I find the snyde remarks around open source in the paper and announcement rather off putting.
As the ecosystem evolves, we urge the corporate AI community to move beyond demanding to be taken seriously as a player in open source for models that are not actually open, and avoid preaching with a PR statement that can be interpreted as uniformed at best or malicious at worst.
It would be great to understand what you mean by this -- we have a deep love for open source and the open developer ecosystem. Our open source team also released a blog today describing the rationale and approach for open models and continuing AI releases in the open ecosystem:
If you truly love Open Source, you should update the the language you use to describe your models so it doesn't mislead people into thinking it has something to do with Open Source.
Despite being called "Open", the Gemma weights are released under a license that is incompatible with the Open Source Definition. It has more in common with Source-Available Software, and as such it should be called a "Weights-Available Model".
Open source is not defined as strictly as what you are suggesting it is. If you wish to have a stricter definition, a new term should probably be used. I believe I've heard it referred to as libre software in the past
"Open Source Software" always refers to software that meets the Open Source Definition. "Libre Software" always refers to software that meets the Free Software Definition. In practice the two are often identical, hence the abbreviations "FOSS" (Free and Open Source Software) and "FLOSS" (Free/Libre and Open Source Software).

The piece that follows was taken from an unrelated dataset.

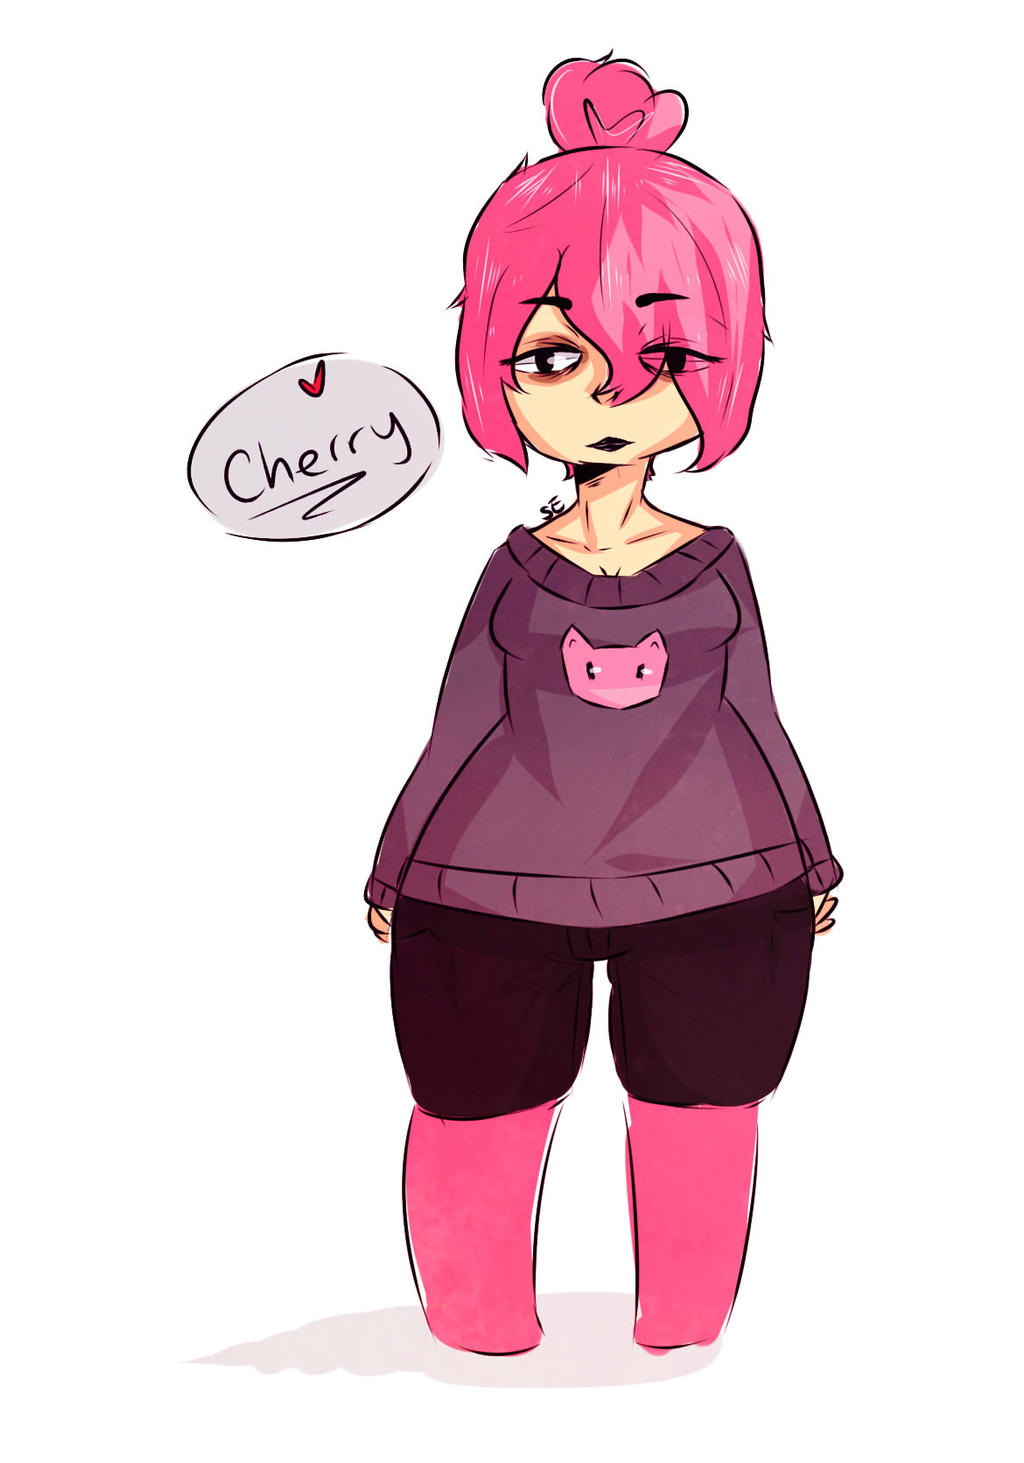 Chubby Cherry - Studio Killers by sophdoodles on DeviantArt

Although I don't know Google's motivation for using "Open" to describe proprietary model weights, the practical result is increasing confusion about Open Source Software. It's behavior that benefits any organization wanting to enjoy the good image of the Open Source Software community while not actually caring about that community at all.

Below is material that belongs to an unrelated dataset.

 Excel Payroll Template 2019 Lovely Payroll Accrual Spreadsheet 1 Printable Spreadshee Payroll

If, on the Llama 2 version release date, the monthly active users [...] is greater than 700 million monthly active users [...] you are not authorized to exercise any of the rights under this Agreement
I would guess this is Google being careful to not be burned by this lame clause in the Llama 2 license.

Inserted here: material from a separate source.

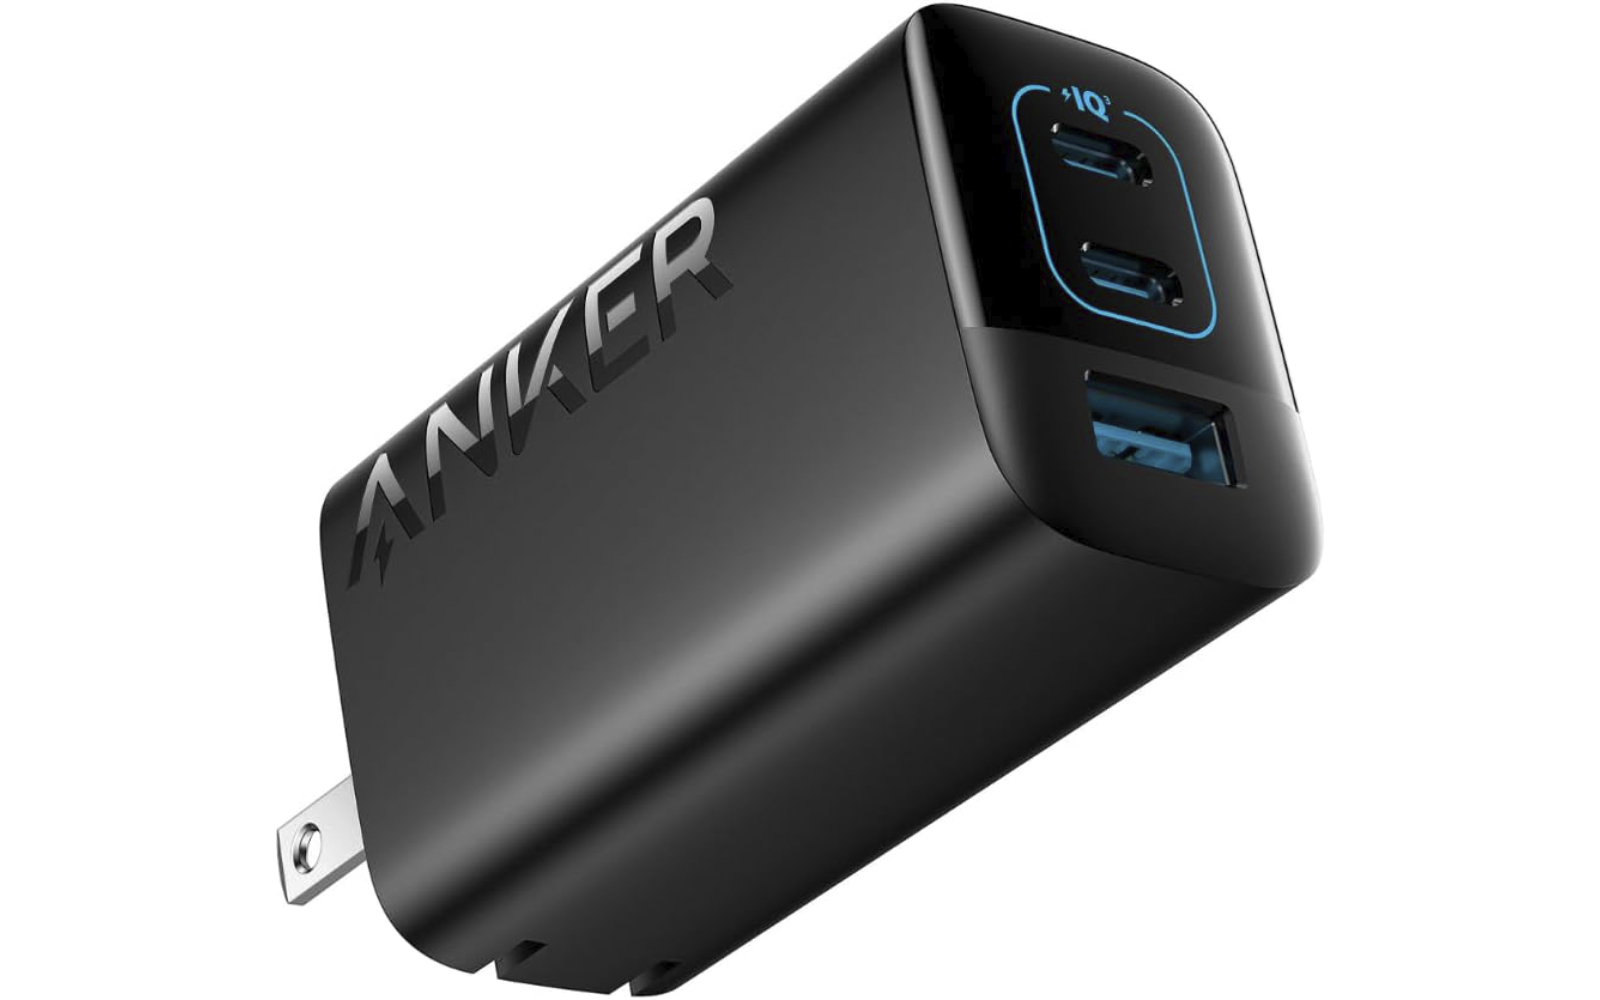 Anker-Charger-67W-3port-device.jpg

It's aimed directly at them (and OpenAI and Microsoft) so they have to honor it if they don't want a legal battle. But there's nothing stopping others from doing benchmarking.
For the reference of people seeing this now: The tweet that person linked has now been deleted and the scientist who tweeted it has acknowledged they were wrong and retracted their claim, as all good scientists should.
The synde remarks at metas llama license that doesn't allow companies with 700 million monthly active users to use it, while this model also doesn't have a really 'open' license itself and also this paragraph:
>As the ecosystem evolves, we urge the wider AI community to move beyond simplistic ’open vs. closed’ debates, and avoid either exaggerating or minimising potential harms, as we believe a nuanced, collaborative approach to risks and benefits is essential. At Google DeepMind we’re committed to developing high-quality evaluations and invite the community to join us in this effort for a deeper understanding of AI systems.
Well, given that that restriction added to the meta-llama license is aimed at Google, is petty, and goes against open source norms, I think it’s reasonable that they should feel this way about it.
Ah, thanks for clarifying! It's a good flag, though I wouldn't classify it as a snide comment personally. I'd be interested in hearing what you find snide or offensive about it -- do you think we shouldn't be trying to bring the whole community along for evals/safety/etc, regardless of open/closed?
Opinions are our own and not of Google DeepMind.